My wife worked for a very big insurance company and she underwrote/priced small group and individual health care plans.  As a nurse, she would look at their medical history, prescription history, ect..and price the plan.  One of the biggest factors was what state they were in.  The minimum coverages where so different state to state (set by state government), that many insurance companies would not do business in those states.  This gives the ones that do, a sort of small monopoly on the citizens.  The state, through minimum coverage standards, prevents the citizen from using all of the collective competition of many ins companies and that prevents them from getting the best price possible for what they want.  When insurance companies compete for your business, you win.  

My points are in no way to defend or empower insurance companies.  In fact, I believe the recent obamacare has simply made them even more powerful and rich.  My point is that we can't in any way blame a free market system for our rising health care costs.  We have government meddling everywhere and every step of the way.  Our health care and health insurance is very far from free market.  
We have to look at why health care costs so much.  If we got that cost down, insurance would follow.  

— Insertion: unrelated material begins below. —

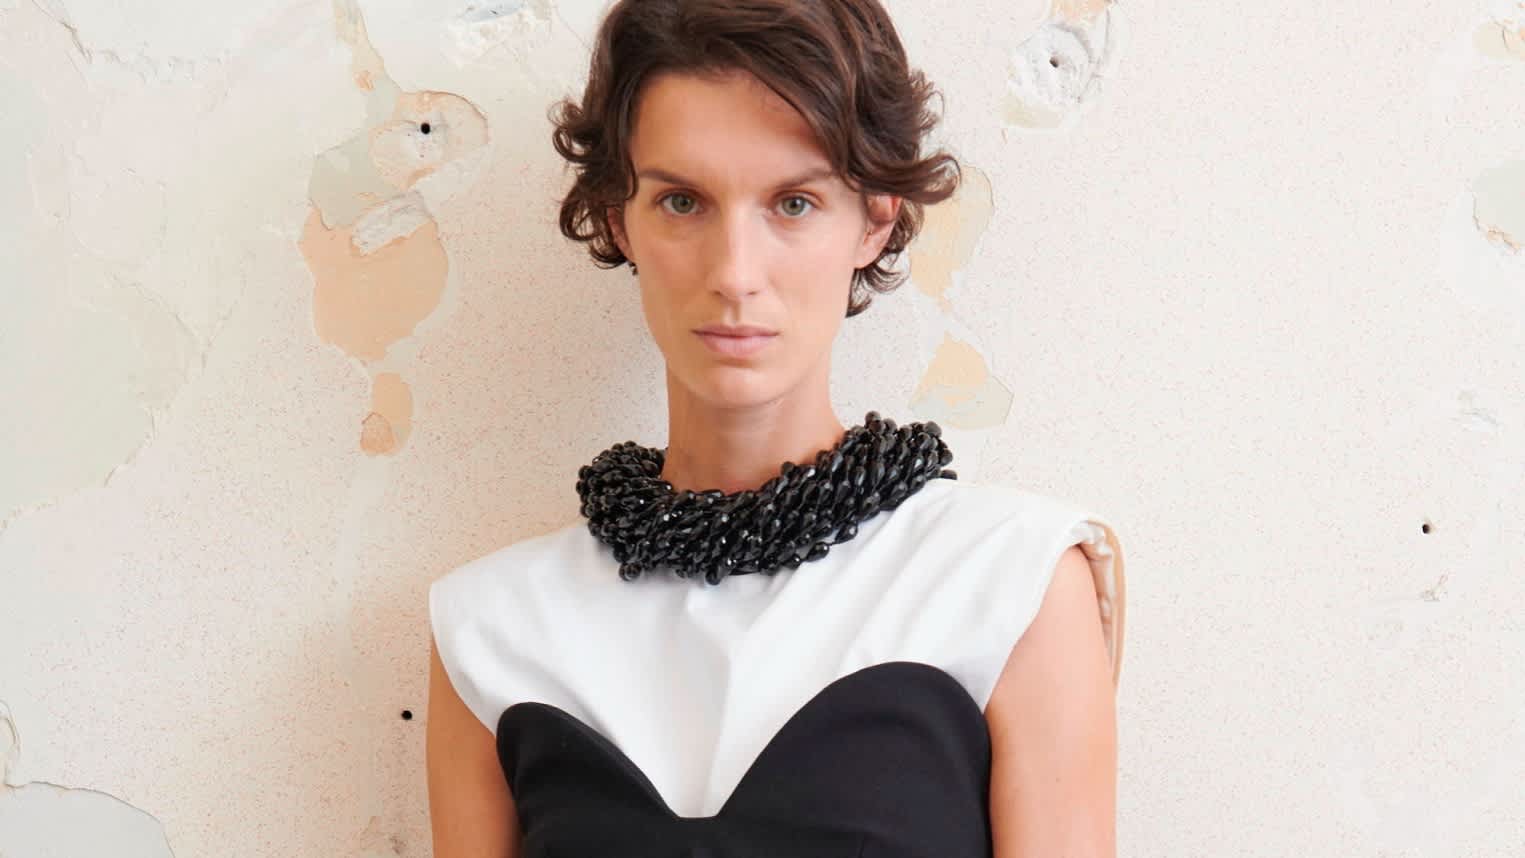 Female model wearing a black and white dress

Something to ponder....there are facilities opening up that will not take any insurance.  Cash only for operations.  They cost about 10% what the operation would cost in a normal hospital and their success rate is high and their infection rate low.  Everyone gets the same price.


----------



## peakbagger

My area of NH was hit hard by the crash and burn of the paper industry. We lost 2 paper mills,  a major pulp mill and the remaining papermill is shadow of itself and is struggling. The direct jobs impact was around 2500 jobs in around 10 years in a very rural area. There were a lot more indirect job impacts. The local towns were struggling. The area is on the northern fringe of tourism for the White Mountain National Forest but outside of the magic 2 hour driving time from Boston. The area did end up with a federal and state prison that stabilized the workforce  so that we could retain a hospital and other services but a lot of folks left the area and the remaining retirees homes dragged the market down as they slowly moved out and passed away. 

The thing that has replaced well paying industry jobs is more tourist jobs related to ATVs. The entire lightly populated northern part of the state is now a hot bed of ATV activity. Most towns allow ATVs to ride on town roads and folks can go quite a long distance strictly on ATV trails, I think they are over 1000 miles or trails. There is also a 7000 acre state park that is mostly exclusively for ATVs. The area had active snowmobile tourism but that was too seasonal, when the ATVs are added in it allows businesses to run 10 months a year. Houses are relatively cheap so folks from southern New England are buying homes in town to use for when they visit and some are moving up when they retire. The tourist town I live in was struggling but now has stabilized and is actually growing, most weekends every motel room and campground is booked the entire weekend and even during the week there is steady traffic. There have been a couple of steel and metal fabrication businesses that moved up to the area due to a well trained labor pool that has reasonable work ethic who tend to like living where there is good hunting and fishing along with ATV and snow machining from in some cases the front door. Its nowhere like the days of the papermills but the area has slowly reinvented itself. Its not without hiccups, some folks moved up here to get away from it all and now they have ATVs cruising down the roads in front of their houses but there are attempts to build new trails to get the routes off the roads.


----------



## jharkin

sportbikerider78 said:


> Then they can pay more if they have bad health.  I understand perfectly how insurance works, but I also see no issue with paying more if you are in bad health.  We accept this with bad drivers.  We accept this with bad credit.



The difference is that people in bad health often don't KNOW they are in bad health.   A distant  relation of mine ... guy in his early 50s, runner,  very fit....  started to feel unusually tired and goes in for a checkup...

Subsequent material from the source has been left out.